Among all U.S. states, New Mexico ranks 29th in access for primary care services, according to data in the presentation.

“It’s not where we want to be, but [it’s] not the worst,” Armijo said.

The network of primary care providers has grown every year, Armijo said, and nearly every provider in the state received a raise because of lawmakers’ reimbursement rate increase that went into effect in January.

For future discussions, Sen. Michael Padilla (D-Albuquerque) asked about a way to gather data on how long it takes for new patients to see a primary care provider versus existing patients, and how that breaks down between urban and rural parts of New Mexico.
​

How the ‘one big beautiful bill’ could play out
Because of Medicaid’s outsized influence in New Mexico’s health insurance market, the federal tax and spending legislation under consideration by Congress would impact not only Medicaid recipients but all New Mexicans, Armijo said.
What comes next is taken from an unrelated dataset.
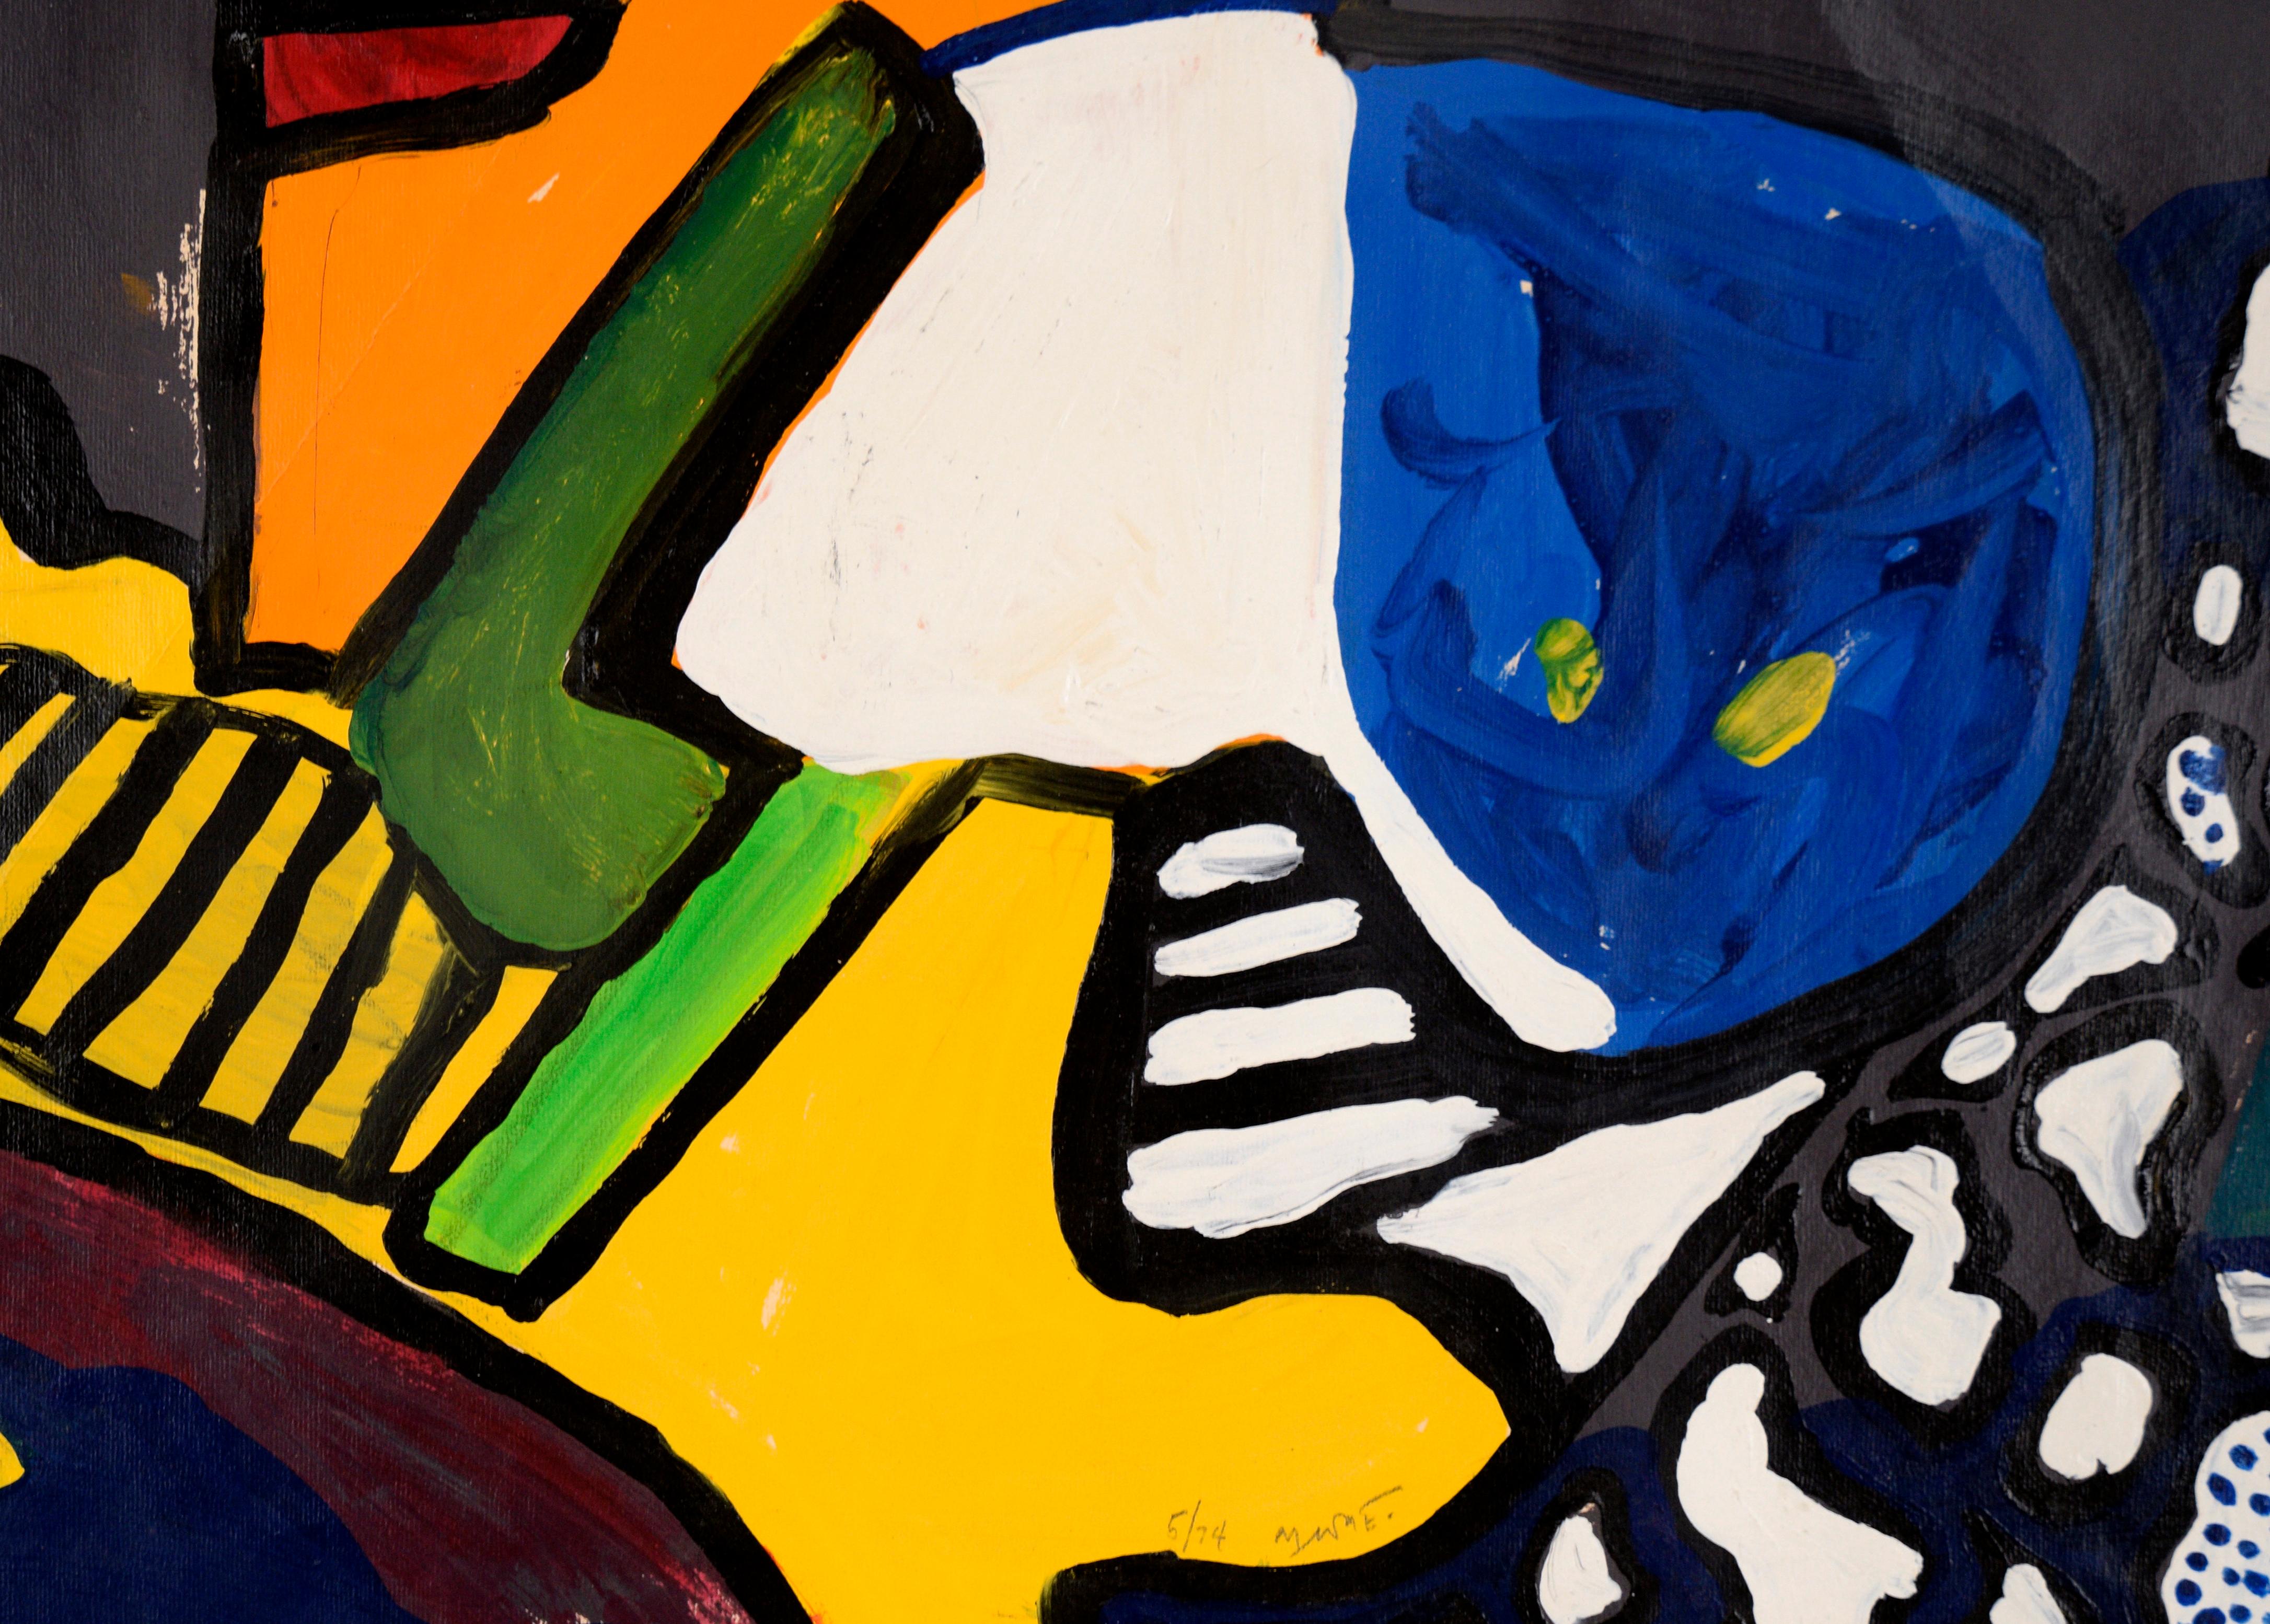 Farbenfrohe abstrakte Komposition von Michael William Eggleston (Amerikaner, 20. Jahrhundert). Kräftige Farben und Formen greifen ineinander und bilden eine kontrastreiche Komposition. Abschnitte in Orange, Gelb, Weiß und Blau sind schwarz umrandet

New Mexico would lose $2.8 billion in federal medicaid funding under the reconciliation bill, she said.

The legislation would result in 111 health care providers losing funding, Armijo said, and the potential closure of between six and eight rural hospitals.

Almost 90,000 people would lose Medicaid because of work requirements and other requirements proposed in the bill, she said.

People on Medicaid are often working a minimum wage job, she said, while others are elderly or disabled who can’t just go out and find work.

“When you have people who are working, and new work requirements, you have to be very careful about how you’re administering that: You don’t want people losing it because of administrative hassle,” Armijo said. “Work requirements can be confusing to comply with."